Had a fella tell me he has caught many yotes in a live trap.Just wondering if anyone here on the forum has and how you did it.This man said he used a live trap with a live chicken in it in a separate compartment.I did this once many years ago and caught some kind of vermin that tore the trap up and got out.I think it was a cat.


----------



## childers (Nov 22, 2010)

go to tractor supply and buy one of those. they cost 159.99. they work if they have the chicken in them.....live


----------



## yoteman (Nov 23, 2010)

i want to see a picture because u ain't gonna make a yote go in a box but every once in a blue moon! professional trappers in states that can only box trap only catch 2 or 3 a year in a box and they are built different than the tsc traps.


----------



## childers (Nov 23, 2010)

yeah its just about impossible


----------



## KevTN (Nov 23, 2010)

I bought a large trap last year with a bait compartment in the back.  I put a live chicken in the back.  Long story short, After I tried the trap in several places Im not convinced I even come close to trapping a coyote.

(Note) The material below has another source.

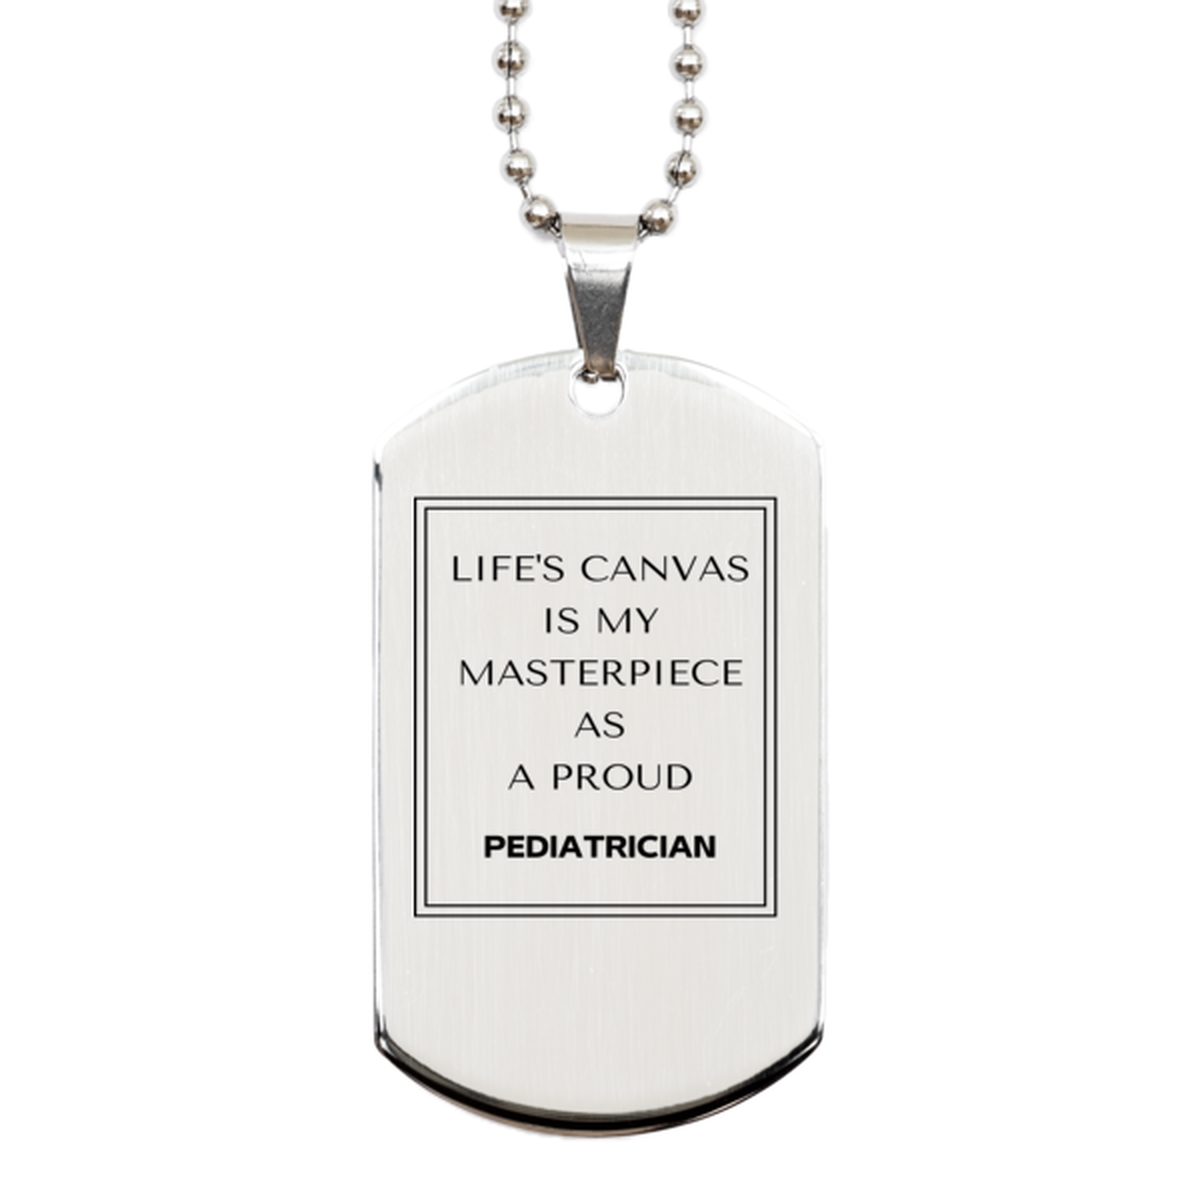 Proud Pediatrician Gifts, Life's canvas is my masterpiece, Epic Birthday Christmas Unique Silver Dog Tag For Pediatrician, Coworkers, Men, Women, Friends
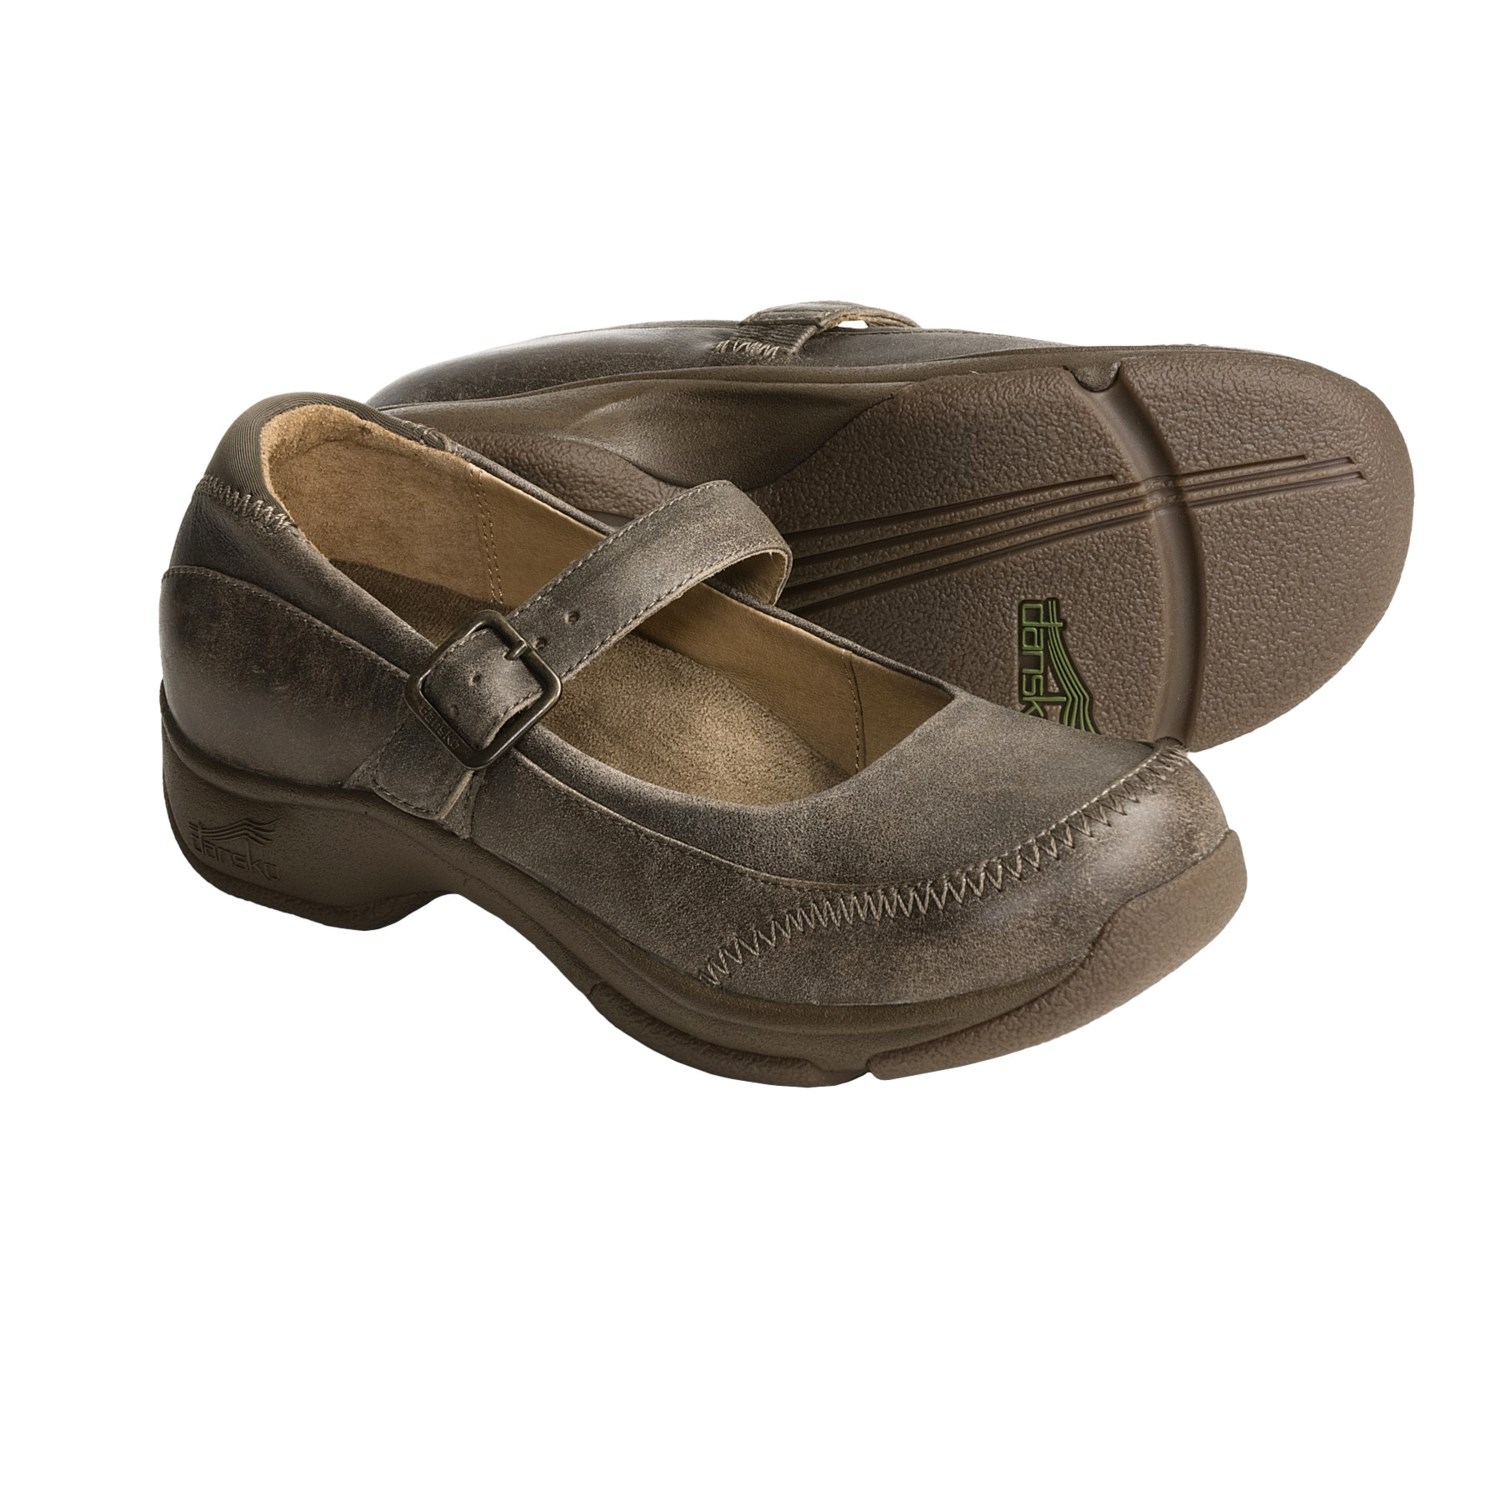 Download this Dansko Kate Mary Jane Shoes For Women Stone Distressed picture

I have caught multitudes of coon and possums in live traps but I think it would have to be special circumstances to catch a coyote in one!


----------



## CAL (Nov 23, 2010)

The trap I built years ago was round with a compartment in the center of it where I put the rooster.I found a brier patch so thick I cut a hole in it the trap fit in.There was only one way to the trap.I caught a something that tore up the trap!


----------



## watashot89 (Nov 23, 2010)

Leg holds. Don't waste your time with cage traps.


----------



## Coastie (Nov 25, 2010)

Nothing is impossible and there are some situations that demand that you try things that others refuse to do because for them it is impractical. Trapping in subdivisions and other heavily populated areas sometimes requires you to do things that are not considered to be good procedure by those that trap on a regular basis. If you want to try a live trap for coyotes follow just a few rules and have a lot of patience. Set the trap on a solid foundation, sift dirt over the floor so the wire bottom does not show and cannot be felt, drape the trap with either camo cloth or use native materials such as brush and long grasses to mask the outline and use good scent control while handling the trap. Leg hold traps and conibears are by far the preferred method but sometimes you just can't do what others insist is the only way to get the job done. For more information on using live traps for coyotes, visit the USDAFS nuisance control manual for illustrated instructions and advice.
http://www.fs.fed.us/pnw/pubs/gtr332/ This is a huge file so it is downloaded in two sections but it has a lot of useful information.


----------